The present general terms and conditions (“Terms and Conditions”) shall apply to all contracts which are made with any company or legal entity (“Client”) for the sale and supplies of Spencer Italia S.r.l. a socio unico ("SPENCER") products (“Products”). These Terms and Conditions shall replace any previous terms and conditions whether written or oral. The Client has read and understood the present Terms and Conditions and agrees that issuing a purchase order (“Order”) shall constitute Client’s acceptance of the same Terms and Conditions. Any agreements which may, in any way, differ from the present Terms and Conditions, any amendments or supplements thereof, shall only be binding, if confirmed by Spencer in writing.
1.1 Offers by Spencer (“Seller”) shall not be binding, in particular with reference to quantities, price and time of delivery.
1.2 Tailored orders shall be paid in advance (70% of the total value of the order).
2.1 “Order” shall mean the purchase order and all its attachments and exhibits referred to the Products. When accepted by Spencer (the “Seller”), the Order shall constitute the entire contract between the Seller and the Client.
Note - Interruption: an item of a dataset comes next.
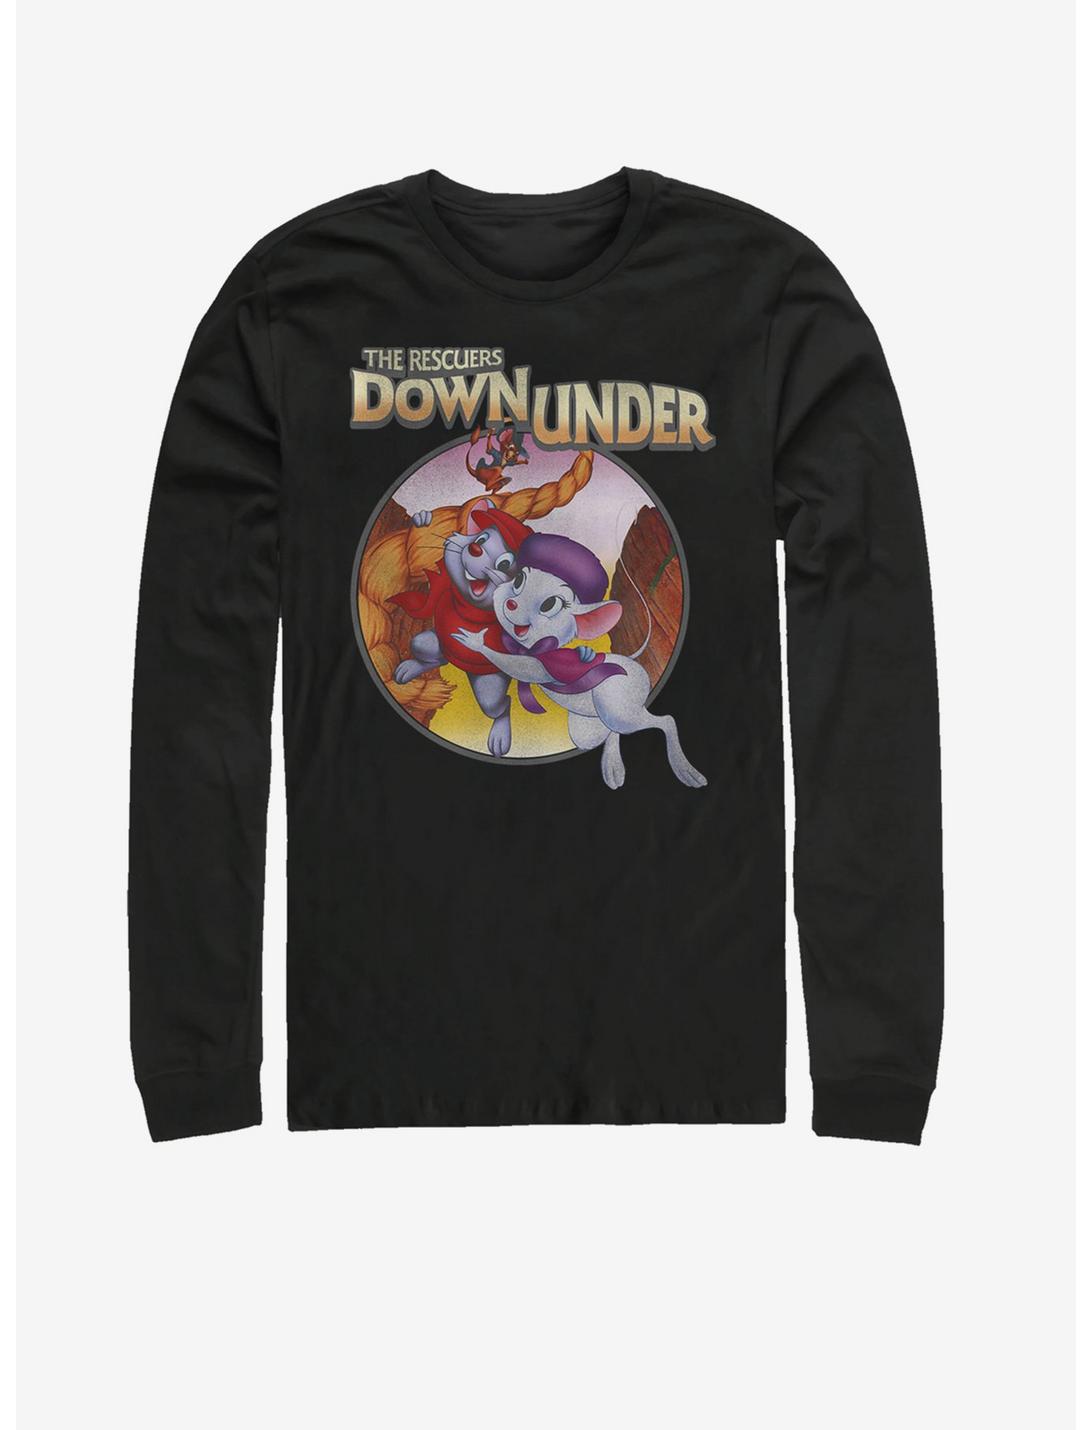 Disney The Rescuers Down Under Rescued Long-Sleeve T-Shirt, BLACK, hi-res

2.2 Orders placed by the Client shall not be considered as accepted before these have been confirmed by the Seller in writing, depending on the stock availability. If the Seller fails to confirm the Order in writing, the Seller’s invoice or the execution of the Order by the Seller shall be considered as confirmation.
2.3 Any change to the Order by the Seller shall be considered definitively accepted by the Client who doesn’t expressly refuse the same changes within 24 hours from SPENCER confirmation of the Order.
2.4 An accepted Order can’t be unilaterally cancelled by the Client.
2.5 Minimum orders of 1000.00Euro + V.A.T. (if applicable) are required.
3.1 Prices of the Products shall be those indicated in the price list. Prices may, at any time, be adjusted by the Seller due to any factor affecting the price structure such as: raw material prices, taxation, transport and insurance charges etc.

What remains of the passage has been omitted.